PayPal and Google want to be THE one. (So do a few hundred others, including MasterCard and Visa.) When it comes to the digital wallet world, PayPal has a 14-year and 130-plus million customer head start, and according to its executives, key merchant executions (and interest) that will bring its value proposition to life in the next few weeks and months.

PayPal, though, is not without its own challenges. It may have existing account holders to give cards to and to enable other physical point of sale checkout but it still has to deliver a value proposition that will give consumers a reason to use it at the store — and to acquire even more accountholders than it has today. And, it will need to figure out how to make changing between payment methods less clunky at the physical point of sale.
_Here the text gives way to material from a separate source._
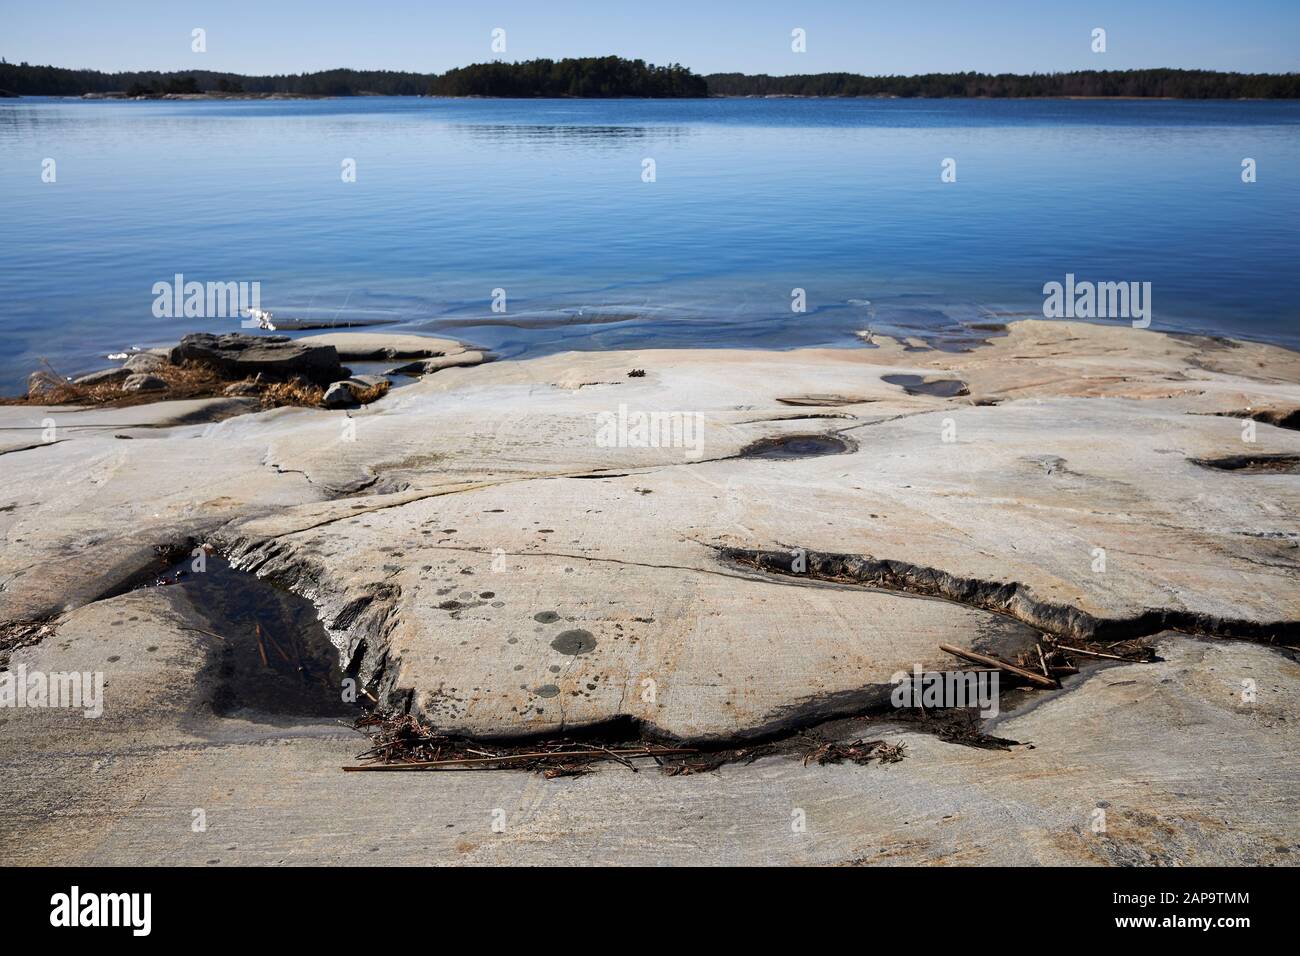 Peaceful summer landscape by the Baltic Sea in Kasnas, Kemio, Finland. Wide angle shot of the rocks on the seashore at Finnish archipelago. Stock Photo
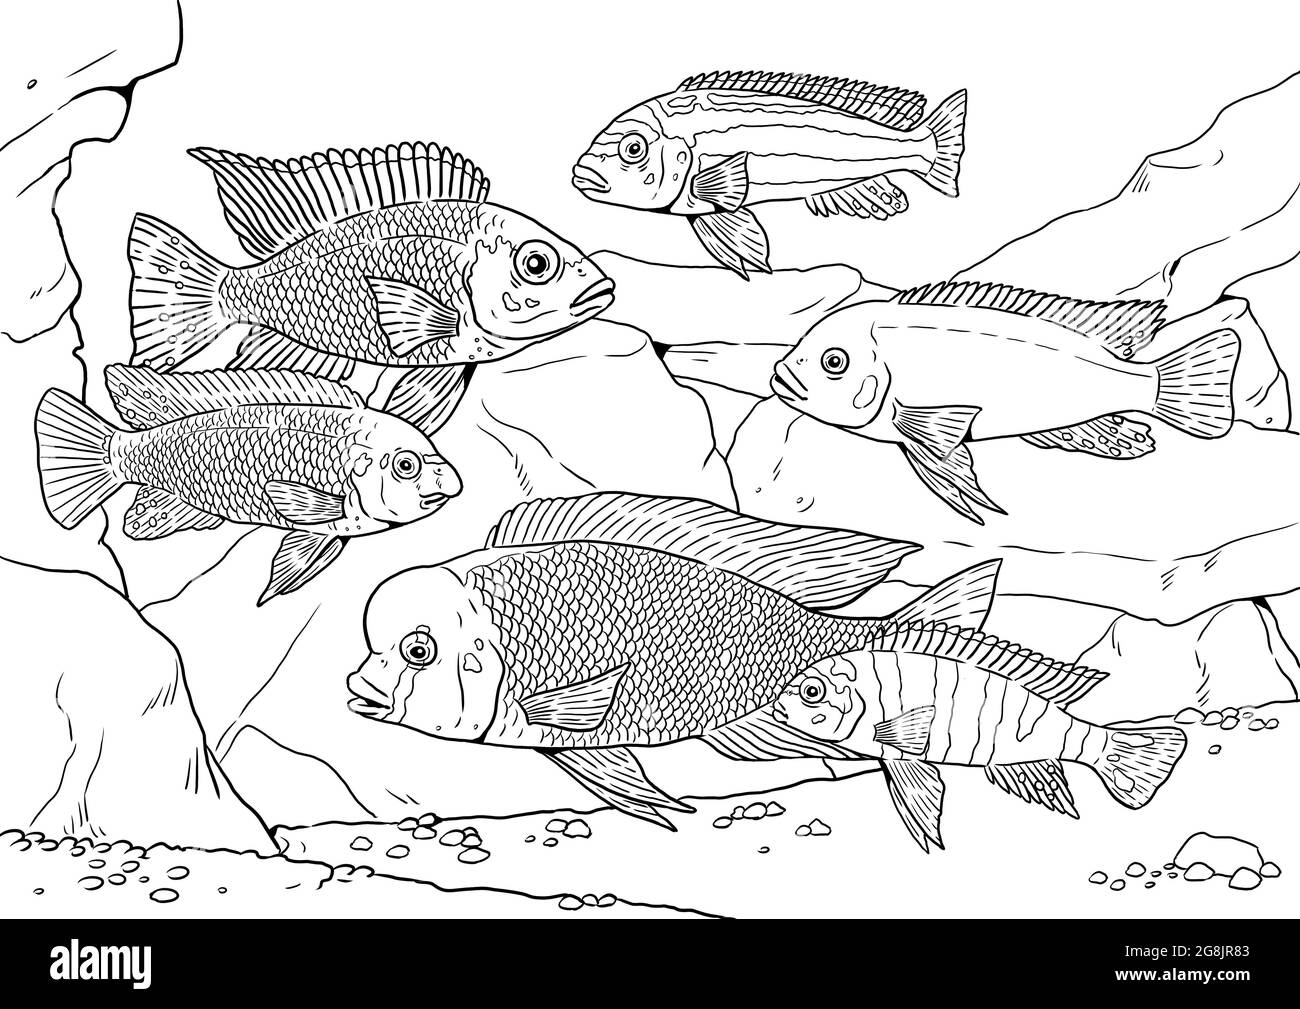 Aquarium with cichlids from the Malawi lake for coloring. Colorful african fish template. Coloring book for children and adults. Stock Photo

I have to presume that they are working on that now (but please don’t think that letting consumers change after the transaction is the answer – hybrid cards that have offered that solution haven’t gone far since it sounds good in theory but is not consumer-friendly). And, neither PayPal nor Google can rest on the ubiquity laurels that riding other’s network rails may offer them – at the end of the day, if ubiquity is the big differentiator, then its game over for everyone but Visa and MasterCard.

So, the game-changer and game-winner will be about value proposition for consumers and merchants and who can deliver one that both think really matters. We know where the lines are drawn in the sand in Silicon Valley now. Let’s see what happens next.